How to Update the System

The system is designed to gracefully handle updates at various levels—whether it's adding entirely new annotation modules, updating the Ensembl reference genome, or importing the latest Polygenic Risk Scores from the PGS Catalog.

1. Updating Annotation Modules

What it means: A module (e.g., longevitymap, superhuman) needs to be refreshed from a new underlying dataset, or a user wants to create a new one using the AI Module Manager.

How to update:

  • Pre-curated / Upstream Modules:
    1. Open the prepare-annotations repository.
    2. If the data source has been updated (e.g., a new release from OakVar), run the corresponding Dagster pipeline (e.g., uv run prepare longevitymap).
    3. The pipeline will automatically fetch the new data, convert it to the unified Parquet schema (annotations.parquet, studies.parquet, weights.parquet), and publish the new versions to the Hugging Face just-dna-seq/annotators dataset.
    4. Local clients running just-dna-lite will automatically pull the updated Parquet files the next time they run an annotation job (provided their local cache is invalidated or updated).
  • Custom AI Modules:
    1. In the just-dna-lite web UI, open the Module Manager.
    2. The user interacts with the AI agents to define a new module (or update an existing one) based on research papers or prompt inputs.
    3. Once the AI finalizes the module, the user clicks Register Module. This compiles the generated annotations into Parquet format and saves it locally.
    4. The module is immediately available for selection in the main annotation pipeline without needing to touch Hugging Face.

2. Updating Reference Annotations (e.g., Ensembl, ClinVar)
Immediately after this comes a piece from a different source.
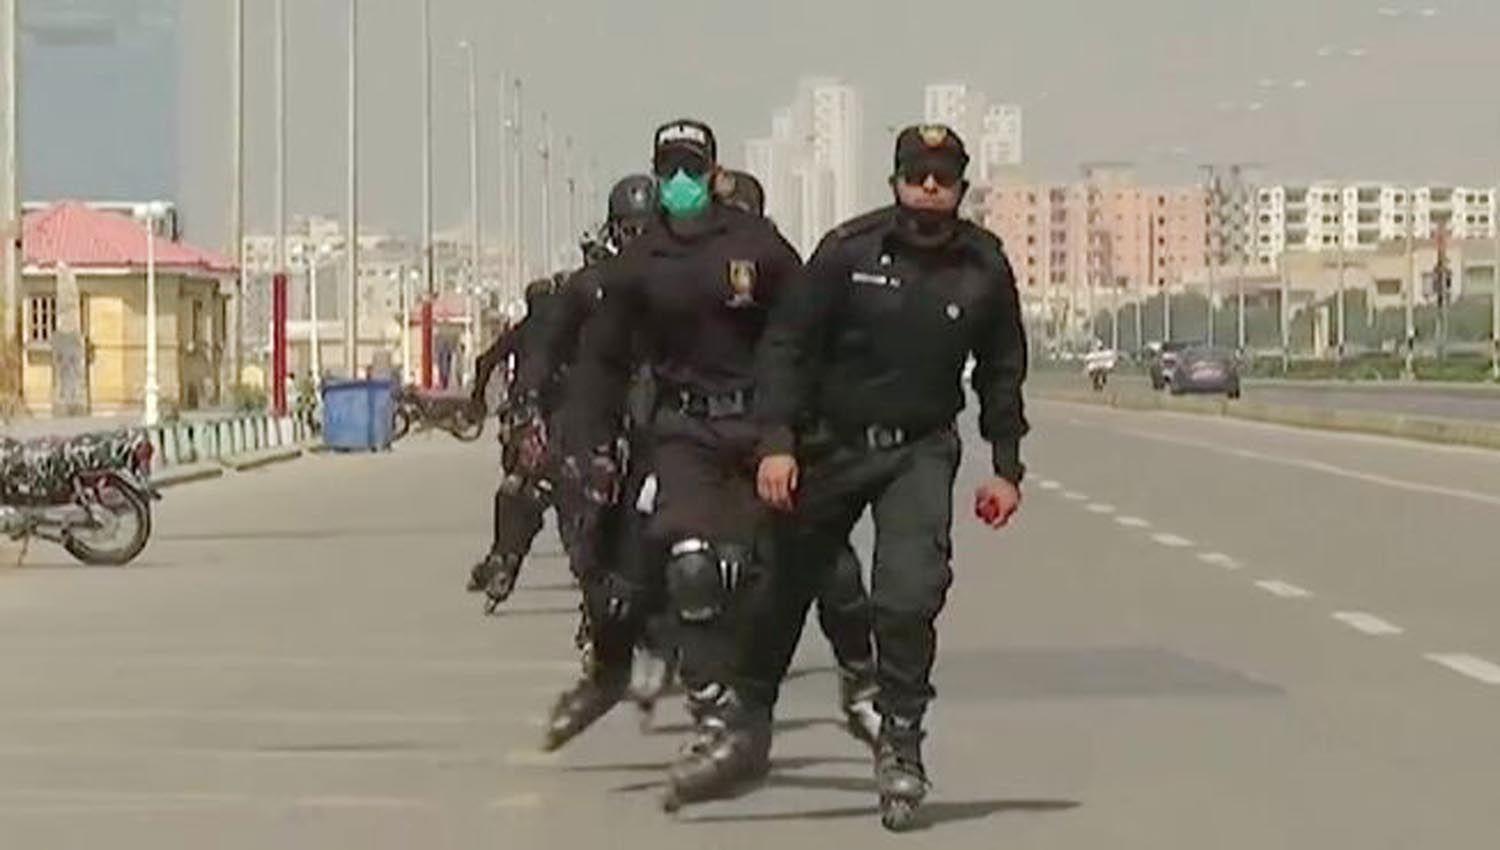 VIDEO  La policiacutea armada en patines nueva unidad en Pakistaacuten

What it means: A new release of the Ensembl reference database (e.g., v111 -> v112) or ClinVar is available.

How to update:

  1. Open the prepare-annotations repository.
  2. In the prepare-annotations pipeline configuration, update the target release version (e.g., Ensembl release number or ClinVar FTP URL).
  3. Run the Ensembl/ClinVar Dagster pipeline (uv run dagster-ensembl).
  4. This pipeline is heavy. It will download the massive VCFs, split them by chromosome, parse them into Parquet format, and upload the partitioned dataset to Hugging Face.
  5. In just-dna-lite, update the Ensembl reference pointer in the modules.yaml configuration to point to the newly published dataset version, so local pipelines know to fetch the latest reference chunks.

3. Updating Polygenic Risk Scores (PRS)

For deep details on PRS, see the just-prs documentation or the Architecture Overview.

What it means: The PGS Catalog has published new scoring files, or the underlying reference panels (1000G, HGDP) used to calculate percentiles need to be refreshed.

How to update:

  1. Open the just-prs repository.
  2. To update the PGS Catalog Metadata (the searchable list of all scores and their performance metrics):
    • Run the cleanup pipeline: prs catalog bulk clean-metadata.
    • This downloads the latest bulk FTP data from EBI, cleans up genome builds and metric strings, and produces scores.parquet, performance.parquet, and best_performance.parquet.
    • Push the new metadata to Hugging Face: prs push-hf.
  3. To update Reference Percentiles (the statistical distributions that determine a user's percentile for a given score):
    • Run the batch scoring pipeline using the CLI: prs reference score-batch (or launch the prs-pipeline Dagster UI).
    • The engine uses DuckDB and Polars to score all ~5,000+ PGS IDs against the reference panel (.pgen files).
    • This computes the mean, standard deviation, and full distribution metrics for every score across different ancestries, producing {panel}_distributions.parquet.
    • The resulting percentiles data is pushed to the just-dna-seq/prs-percentiles Hugging Face repository.
  4. When users launch the prs-ui or run just-dna-lite, the PRSCatalog class will automatically pull the updated metadata and percentile Parquets from Hugging Face into their local cache.